What Sebastien ignored was the significant transformations that were occurring in the rural areas of Trinidad in the late 1960s and early 1970s. One such change was the gradual transformation of rural villages into semi-urban areas as a result of rapid economic development. In other words, Sebastien and others overlooked the visible evidence of the economic and social transformations, and their impact on the Indo-Trinidadian family structure.

The Systemic and Creolization Models

In its application to multi-ethnic Caribbean societies, the systemic model describes the processes by which various ethnic and cultural categories in society are gradually integrated into an overall social system. Societies such as Trinidad, Guyana, and Surinam, all of which have large contingents of people of Indian origin, are not composed of a series of static units in fixed relation to each other, but are dynamic systems in which there has been continuous movement both geographically and occupationally (Smith 1970).
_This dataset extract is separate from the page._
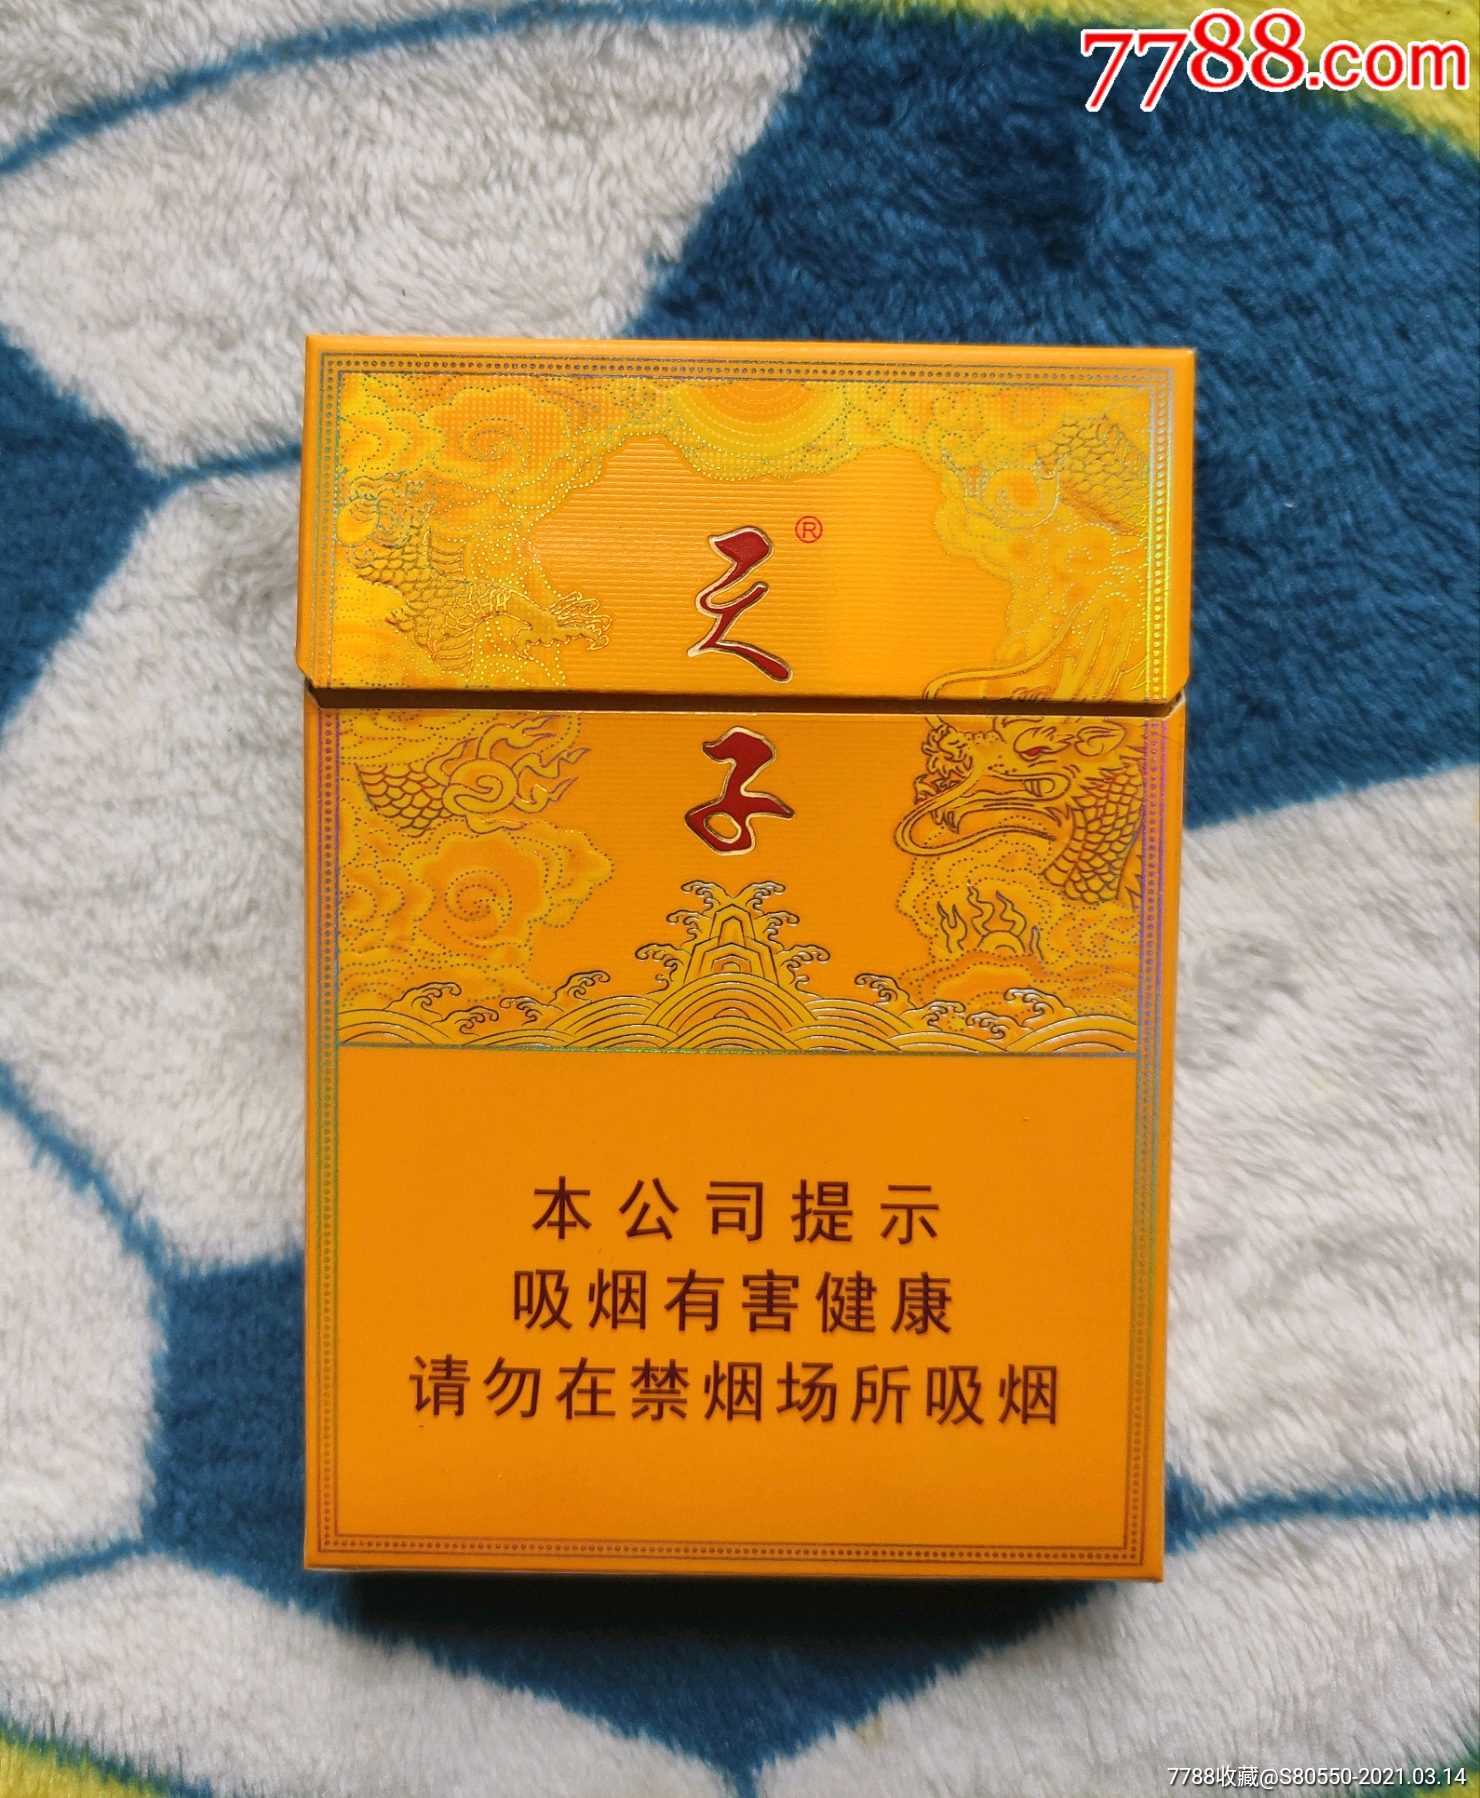 天子硬盒香烟18元图片

Structurally, there has been the increasing involvement over time of all cultural sections in all spheres of the social system. Culturally, the structural and institutional changes in these societies have led some like Braithwaite (1975; 1974) and Smith (1970) to assume that these societies are characterized by normative integration, stemming from an increasing commitment by all groups to a common set of values. This consensualist assumption with its functionalist underpinnings has long been considered untenable (Kuper and Smith 1971; Smith 1965). Given their institutional diversity, it is difficult to conceive of Trinidad and Guyana as being characterized by "shared values" or a "common value system". M.G. Smith (1960) went so far as to say that as an ethnic group in the Caribbean, Indo-Caribbeans had so little in common with other groups that social change could only take place by violent means (Smith 1960). In comparison to Smith's pessimistic assessment, R.T. Smith (1967) argued that there was a level of similarity in aspirations to ensure that differences would be accommodated without recourse to violence (Smith 1967). Unlike M.G. Smith, Braithwaite (1971) recognized that the coincidence of class and colour changed during the 1950s, as more and more Afro and Indo Trinidadians, through the emergence of a more "open" society and access to higher education, became part of the dominant class.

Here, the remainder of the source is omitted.